What you are asked to do ▸ Below are the entries; give again exactly the lines from the one mentioning "Avia Unisex Kids" through the one mentioning "Schwarz-weiß Foto von", inclusive.

Data for the task ▸
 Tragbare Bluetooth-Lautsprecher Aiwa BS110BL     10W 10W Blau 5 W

--

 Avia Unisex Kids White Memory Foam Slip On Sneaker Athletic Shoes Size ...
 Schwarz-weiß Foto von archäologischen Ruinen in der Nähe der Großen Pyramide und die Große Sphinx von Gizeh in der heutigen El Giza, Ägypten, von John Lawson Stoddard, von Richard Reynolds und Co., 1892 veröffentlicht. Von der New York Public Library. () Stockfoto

...

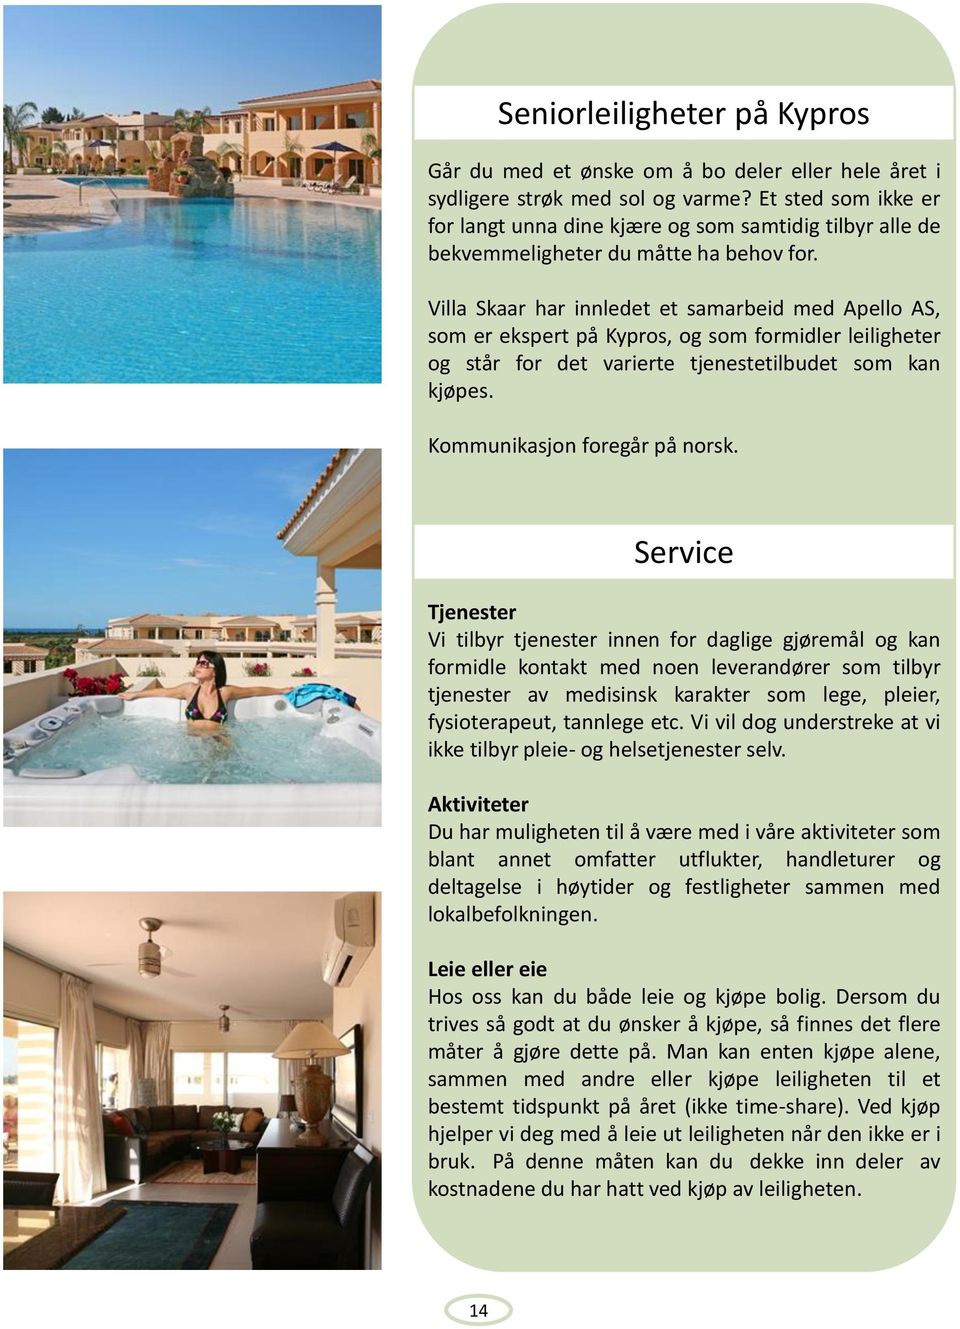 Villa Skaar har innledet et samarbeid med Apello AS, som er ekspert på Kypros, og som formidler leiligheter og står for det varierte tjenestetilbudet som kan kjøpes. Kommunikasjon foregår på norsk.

Your solution ▸
 Avia Unisex Kids White Memory Foam Slip On Sneaker Athletic Shoes Size ...
 Schwarz-weiß Foto von archäologischen Ruinen in der Nähe der Großen Pyramide und die Große Sphinx von Gizeh in der heutigen El Giza, Ägypten, von John Lawson Stoddard, von Richard Reynolds und Co., 1892 veröffentlicht. Von der New York Public Library. () Stockfoto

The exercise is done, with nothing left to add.